#### Getting the source code of 'List of postal codes of Canada: M' from wikipedia

In [29]:
import requests
url = 'https://en.wikipedia.org/wiki/List_of_postal_codes_of_Canada:_M'

In [30]:
source = requests.get(url)

Import the **beautifulsoup** for web scrapping

In [31]:
import bs4
soup = bs4.BeautifulSoup(source.text, "lxml")

#### We will find all tables in the source using `find_all` method and use pandas'  `read_html()` function to convert the html code of first table (which is the one we are looking for) in pandas dataframe

In [32]:
import pandas as pd
table = soup.find_all('table')
df = pd.read_html(str(table))[0]
df.head(10)

Unnamed: 0,Postal Code,Borough,Neighbourhood
0,M1A,Not assigned,Not assigned
1,M2A,Not assigned,Not assigned
2,M3A,North York,Parkwoods
3,M4A,North York,Victoria Village
4,M5A,Downtown Toronto,"Regent Park, Harbourfront"
5,M6A,North York,"Lawrence Manor, Lawrence Heights"
6,M7A,Downtown Toronto,"Queen's Park, Ontario Provincial Government"
7,M8A,Not assigned,Not assigned
8,M9A,Etobicoke,"Islington Avenue, Humber Valley Village"
9,M1B,Scarborough,"Malvern, Rouge"


#### We noticed above that there are cells with a borough that is *Not assigned*. We will remove such cells

In [33]:
df[df['Borough']== 'Not assigned'].any(axis = 0) #checking if there are cells with Borough Not Assigned

Postal Code      True
Borough          True
Neighbourhood    True
dtype: bool

#### Let us drop the rows with Borough Not Assigned from our dataframe df

In [34]:
df.drop(df[df['Borough']== 'Not assigned'].index, inplace = True) 
df.head(15)

Unnamed: 0,Postal Code,Borough,Neighbourhood
2,M3A,North York,Parkwoods
3,M4A,North York,Victoria Village
4,M5A,Downtown Toronto,"Regent Park, Harbourfront"
5,M6A,North York,"Lawrence Manor, Lawrence Heights"
6,M7A,Downtown Toronto,"Queen's Park, Ontario Provincial Government"
8,M9A,Etobicoke,"Islington Avenue, Humber Valley Village"
9,M1B,Scarborough,"Malvern, Rouge"
11,M3B,North York,Don Mills
12,M4B,East York,"Parkview Hill, Woodbine Gardens"
13,M5B,Downtown Toronto,"Garden District, Ryerson"
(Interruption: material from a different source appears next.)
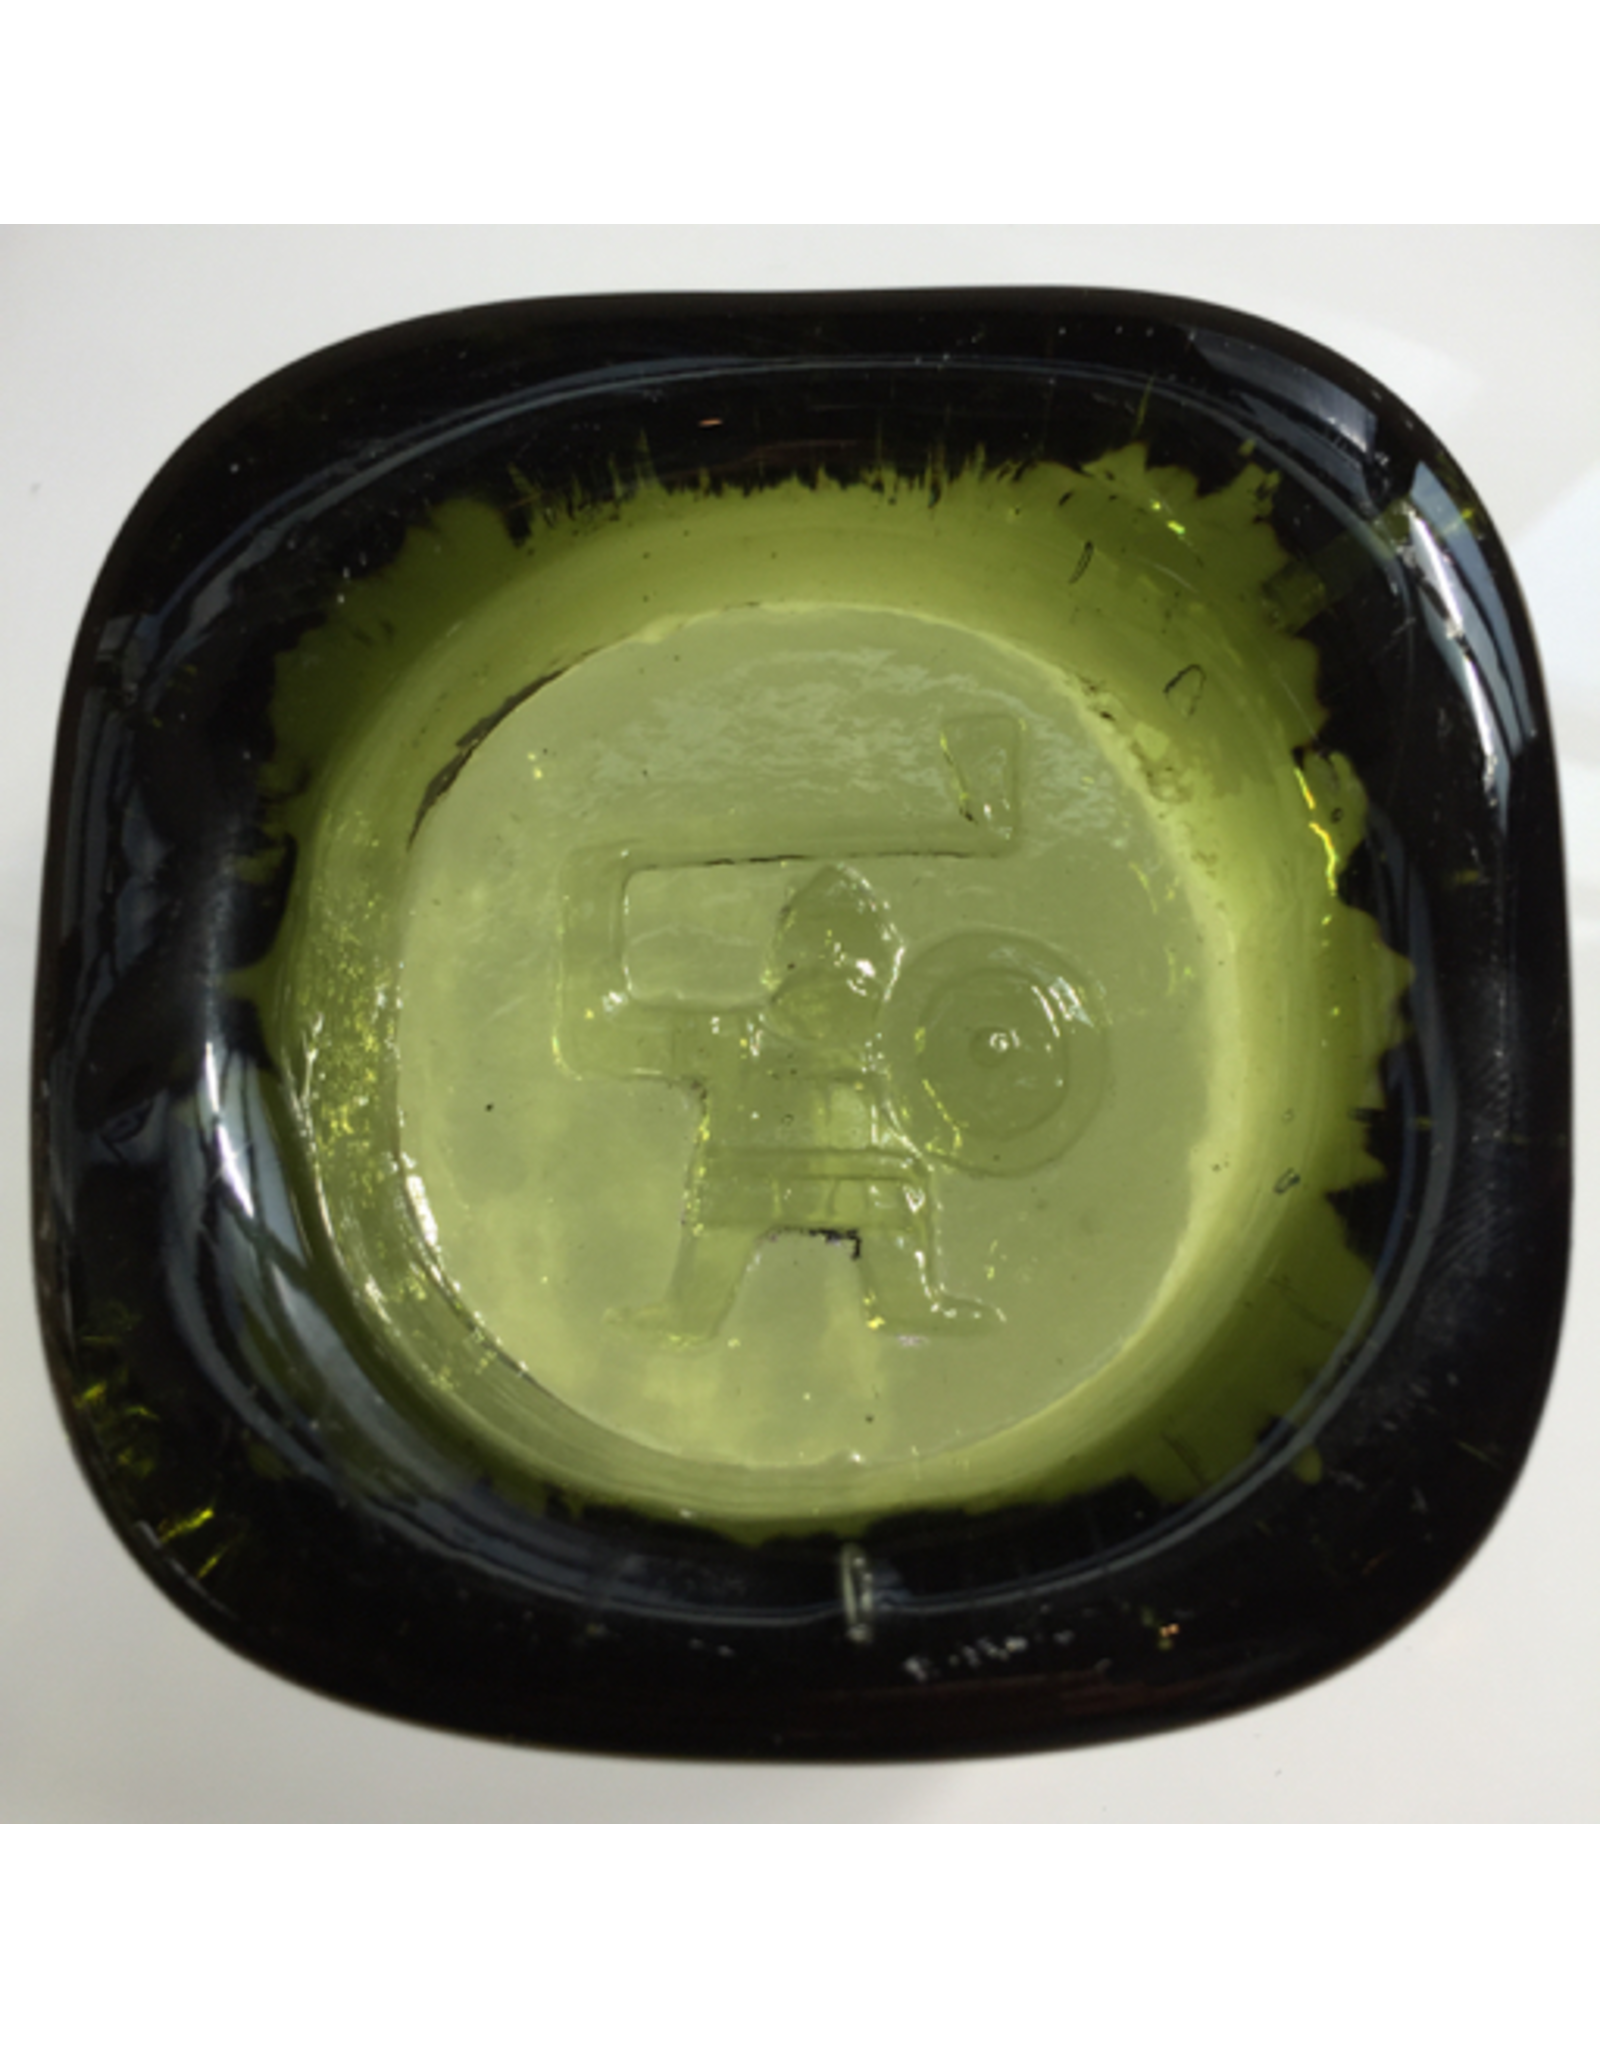 MANKS ANTIQUES GREEN GLASS 维京图标绿色玻璃

#### We noticed that our index have changed, so let us reset index:

In [35]:
df.reset_index(drop = True, inplace = True) 
df.head(15)

Unnamed: 0,Postal Code,Borough,Neighbourhood
0,M3A,North York,Parkwoods
1,M4A,North York,Victoria Village
2,M5A,Downtown Toronto,"Regent Park, Harbourfront"
3,M6A,North York,"Lawrence Manor, Lawrence Heights"
4,M7A,Downtown Toronto,"Queen's Park, Ontario Provincial Government"
5,M9A,Etobicoke,"Islington Avenue, Humber Valley Village"
6,M1B,Scarborough,"Malvern, Rouge"
7,M3B,North York,Don Mills
8,M4B,East York,"Parkview Hill, Woodbine Gardens"
9,M5B,Downtown Toronto,"Garden District, Ryerson"


#### We will check if a cell has a borough but a 'Not assigned'  neighborhood

In [36]:
#len(df[df['Neighbourhood']== 'Not assigned'])

In [37]:
df[df['Neighbourhood']== 'Not assigned'].any(axis = 0)

Postal Code      False
Borough          False
Neighbourhood    False
dtype: bool

We find that there are no such cell, so we need do nothing.

#### Let's find the shape of data frame:

In [38]:
print(' The shape of our dataframe is {}'.format(df.shape))

 The shape of our dataframe is (103, 3)


In [39]:
pip install geocoder

Note: you may need to restart the kernel to use updated packages.


In [45]:
latlng_df = pd.read_csv('Geospatial_Coordinates.csv')

In [47]:
df.merge(latlng_df, left_on = 'Postal Code', right_on = 'Postal Code')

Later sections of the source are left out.